Task instructions: Using the listing below, set down exactly the lines starting at the line that contains "Vanja Jacket in Black from Tiger of Sweden" and ending at the line that contains "The Hermit Saints by Hieronymus Bosch", both included, and no others.

<<<<

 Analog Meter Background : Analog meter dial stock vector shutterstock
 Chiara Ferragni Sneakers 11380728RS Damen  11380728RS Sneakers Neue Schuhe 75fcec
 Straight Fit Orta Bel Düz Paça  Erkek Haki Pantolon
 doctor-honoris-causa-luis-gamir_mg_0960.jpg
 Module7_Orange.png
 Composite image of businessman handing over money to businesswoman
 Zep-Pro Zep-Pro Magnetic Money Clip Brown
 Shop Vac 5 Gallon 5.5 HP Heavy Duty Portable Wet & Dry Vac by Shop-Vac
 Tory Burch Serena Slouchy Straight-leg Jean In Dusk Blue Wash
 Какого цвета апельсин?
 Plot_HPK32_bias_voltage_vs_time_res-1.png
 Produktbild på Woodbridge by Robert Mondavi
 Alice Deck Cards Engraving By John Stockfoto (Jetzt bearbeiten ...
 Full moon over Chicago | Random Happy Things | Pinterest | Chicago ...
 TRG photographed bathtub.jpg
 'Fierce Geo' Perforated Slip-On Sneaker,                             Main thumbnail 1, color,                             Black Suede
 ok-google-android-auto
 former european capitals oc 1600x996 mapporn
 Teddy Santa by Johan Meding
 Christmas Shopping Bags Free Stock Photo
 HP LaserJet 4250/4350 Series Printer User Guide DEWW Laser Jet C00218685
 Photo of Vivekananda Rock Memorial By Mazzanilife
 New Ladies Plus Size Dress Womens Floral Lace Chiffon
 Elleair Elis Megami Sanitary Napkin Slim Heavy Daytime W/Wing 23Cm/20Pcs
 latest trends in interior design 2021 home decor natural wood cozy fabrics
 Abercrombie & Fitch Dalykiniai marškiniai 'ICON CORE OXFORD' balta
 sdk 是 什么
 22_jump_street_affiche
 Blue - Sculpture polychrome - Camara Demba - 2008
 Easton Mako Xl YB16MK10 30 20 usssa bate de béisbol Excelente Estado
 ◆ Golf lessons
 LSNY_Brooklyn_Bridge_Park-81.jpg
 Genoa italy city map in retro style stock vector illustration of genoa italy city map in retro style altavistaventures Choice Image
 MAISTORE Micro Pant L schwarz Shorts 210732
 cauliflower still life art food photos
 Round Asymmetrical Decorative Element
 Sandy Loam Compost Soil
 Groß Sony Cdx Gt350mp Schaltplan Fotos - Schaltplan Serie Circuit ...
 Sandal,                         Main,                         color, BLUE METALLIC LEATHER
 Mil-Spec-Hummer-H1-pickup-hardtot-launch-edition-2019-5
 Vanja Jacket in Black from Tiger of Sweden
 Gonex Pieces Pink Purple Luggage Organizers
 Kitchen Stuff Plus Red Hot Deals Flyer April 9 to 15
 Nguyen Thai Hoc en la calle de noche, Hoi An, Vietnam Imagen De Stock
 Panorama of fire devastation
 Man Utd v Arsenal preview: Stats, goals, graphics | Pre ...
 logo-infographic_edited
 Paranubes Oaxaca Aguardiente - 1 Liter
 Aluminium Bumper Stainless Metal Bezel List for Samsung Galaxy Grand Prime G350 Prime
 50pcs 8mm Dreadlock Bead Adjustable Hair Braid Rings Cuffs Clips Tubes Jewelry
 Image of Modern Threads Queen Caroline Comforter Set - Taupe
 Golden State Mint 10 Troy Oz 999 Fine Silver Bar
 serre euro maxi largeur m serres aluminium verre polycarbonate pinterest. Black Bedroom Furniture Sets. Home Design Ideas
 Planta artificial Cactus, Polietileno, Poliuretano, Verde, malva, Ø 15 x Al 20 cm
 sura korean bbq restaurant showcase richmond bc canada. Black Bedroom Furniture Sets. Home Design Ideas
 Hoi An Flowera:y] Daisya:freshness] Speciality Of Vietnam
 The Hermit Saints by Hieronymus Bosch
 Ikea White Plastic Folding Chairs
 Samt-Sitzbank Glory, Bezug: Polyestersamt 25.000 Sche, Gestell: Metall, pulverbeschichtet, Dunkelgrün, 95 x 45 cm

>>>>

Exercise answer:
 Vanja Jacket in Black from Tiger of Sweden
 Gonex Pieces Pink Purple Luggage Organizers
 Kitchen Stuff Plus Red Hot Deals Flyer April 9 to 15
 Nguyen Thai Hoc en la calle de noche, Hoi An, Vietnam Imagen De Stock
 Panorama of fire devastation
 Man Utd v Arsenal preview: Stats, goals, graphics | Pre ...
 logo-infographic_edited
 Paranubes Oaxaca Aguardiente - 1 Liter
 Aluminium Bumper Stainless Metal Bezel List for Samsung Galaxy Grand Prime G350 Prime
 50pcs 8mm Dreadlock Bead Adjustable Hair Braid Rings Cuffs Clips Tubes Jewelry
 Image of Modern Threads Queen Caroline Comforter Set - Taupe
 Golden State Mint 10 Troy Oz 999 Fine Silver Bar
 serre euro maxi largeur m serres aluminium verre polycarbonate pinterest. Black Bedroom Furniture Sets. Home Design Ideas
 Planta artificial Cactus, Polietileno, Poliuretano, Verde, malva, Ø 15 x Al 20 cm
 sura korean bbq restaurant showcase richmond bc canada. Black Bedroom Furniture Sets. Home Design Ideas
 Hoi An Flowera:y] Daisya:freshness] Speciality Of Vietnam
 The Hermit Saints by Hieronymus Bosch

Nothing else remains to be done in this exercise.